Additional for local Kubernetes (make run-k8s):


Quick Start

# Build all services
make build-all

# Run locally — open a separate terminal for each service

SERVICE_NAME=ratings HTTP_PORT=8083 ADMIN_PORT=9093 ./bin/ratings

SERVICE_NAME=details HTTP_PORT=8081 ADMIN_PORT=9091 ./bin/details

SERVICE_NAME=reviews HTTP_PORT=8082 ADMIN_PORT=9092 \
  RATINGS_SERVICE_URL=http://localhost:8083 \
  ./bin/reviews

SERVICE_NAME=notification HTTP_PORT=8084 ADMIN_PORT=9094 ./bin/notification

SERVICE_NAME=dlqueue HTTP_PORT=8085 ADMIN_PORT=9095 ./bin/dlqueue

# Optional: REDIS_URL=redis://localhost:6379 (enables pending review cache)
SERVICE_NAME=productpage HTTP_PORT=8080 ADMIN_PORT=9090 \
  DETAILS_SERVICE_URL=http://localhost:8081 \
  REVIEWS_SERVICE_URL=http://localhost:8082 \
  RATINGS_SERVICE_URL=http://localhost:8083 \
  TEMPLATE_DIR=services/productpage/templates \
  ./bin/productpage

# Optional standalone demo — publishes CloudEvents to Kafka
SERVICE_NAME=ingestion HTTP_PORT=8086 ADMIN_PORT=9096 \
  KAFKA_BROKERS=localhost:9092 \
  KAFKA_TOPIC=raw_books_details \
  POLL_INTERVAL=5m \
  SEARCH_QUERIES=programming,golang \
  MAX_RESULTS_PER_QUERY=10 \
  ./bin/ingestion

# Open in browser
open http://localhost:8080

By default all services use the in-memory storage backend. To use PostgreSQL, set STORAGE_BACKEND=postgres and DATABASE_URL=<dsn> for each backend service. Note: the in-memory backend does not support multiple replicas (state is pod-local).

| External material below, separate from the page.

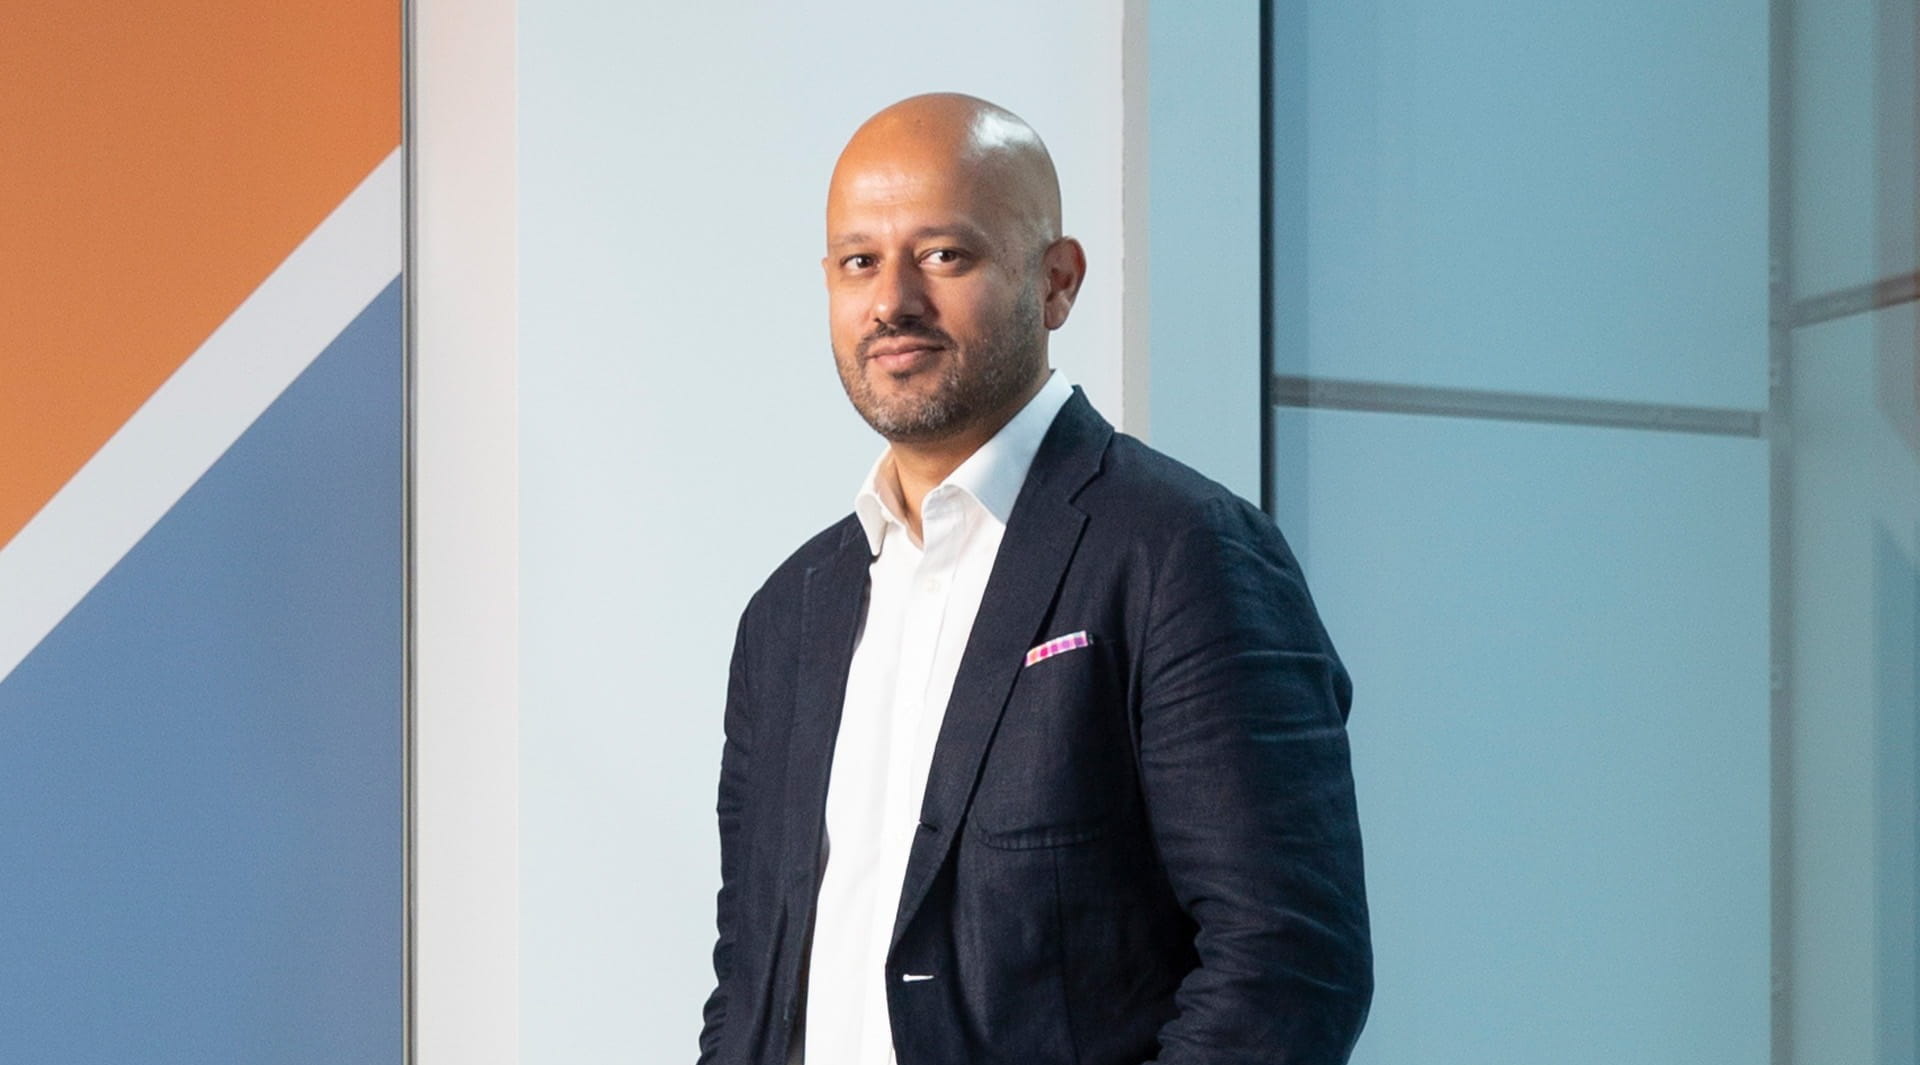 Gurpal Ahluwalia BDO UK head of M&A profile Corporate Financier

Or use Docker Compose (PostgreSQL backend, all services with one command):

make run          # Start all services + PostgreSQL, seed databases
make run-logs     # Tail logs
make stop         # Stop and remove containers

Makefile Targets

Target Description
make build SERVICE=<name> Build a single service binary to bin/<name>
make build-all Build all 7 service binaries
make test Run all tests
make test-cover Run tests with HTML coverage report
make test-race Run tests with the race detector
make lint Run golangci-lint across the whole module
make fmt Format all Go source files with gofmt
make vet Run go vet
make mod-tidy Tidy go module dependencies
make docker-build SERVICE=<name> Build Docker image for one service
make docker-build-all Build Docker images for all 7 services
make run Start all services via Docker Compose (PostgreSQL backend)
make stop Stop services and remove containers
make e2e Run E2E tests via docker-compose
make clean Remove bin/ and dist/ directories
make help List all available targets
make run-k8s Full local k8s setup (cluster, platform, observability, deploy, seed)
make stop-k8s Delete k3d cluster and all resources
make k8s-rebuild Fast iteration: rebuild images, reimport, rollout restart
make k8s-status Show pod status across all namespaces + access URLs
make k8s-logs Tail logs from bookinfo namespace
make k8s-cluster Create k3d cluster with port mappings
make k8s-platform Install Envoy Gateway, Strimzi, Kafka, Argo Events, Gateway
make k8s-observability Install Prometheus, Grafana, Tempo, Loki, Pyroscope, Alloy
make k8s-deploy Build images, import to k3d, deploy apps + Argo Events + HTTPRoutes
make k8s-seed Seed PostgreSQL databases with sample data

Docker

Each service has its own Dockerfile in the build/ directory (build/Dockerfile.<service>). Backend services use FROM scratch for the smallest possible image; productpage uses gcr.io/distroless/static-debian12:nonroot because it needs the HTML templates directory alongside the binary.

# Build a single image
make docker-build SERVICE=ratings

# Build all images
make docker-build-all

# Run all services with PostgreSQL (recommended for local dev)
make run          # builds images, starts postgres + redis + all services, seeds databases
make run-logs     # tail service logs
make stop         # stop and remove containers (keeps data)
make clean-data   # stop and remove containers + postgres data volume

# Or run directly with docker-compose (memory backend, for E2E tests)
docker compose -f test/e2e/docker-compose.yml up

Images are tagged event-driven-bookinfo/<service>:latest locally. Released images are pushed to GitHub Container Registry with the service version tag:

ghcr.io/kaio6fellipe/event-driven-bookinfo/productpage:<tag>
ghcr.io/kaio6fellipe/event-driven-bookinfo/details:<tag>
ghcr.io/kaio6fellipe/event-driven-bookinfo/reviews:<tag>
ghcr.io/kaio6fellipe/event-driven-bookinfo/ratings:<tag>
ghcr.io/kaio6fellipe/event-driven-bookinfo/notification:<tag>
ghcr.io/kaio6fellipe/event-driven-bookinfo/dlqueue:<tag>
ghcr.io/kaio6fellipe/event-driven-bookinfo/ingestion:<tag>

Kubernetes Deployment

Kubernetes manifests live under deploy/ and use Kustomize with a base plus three overlays per service.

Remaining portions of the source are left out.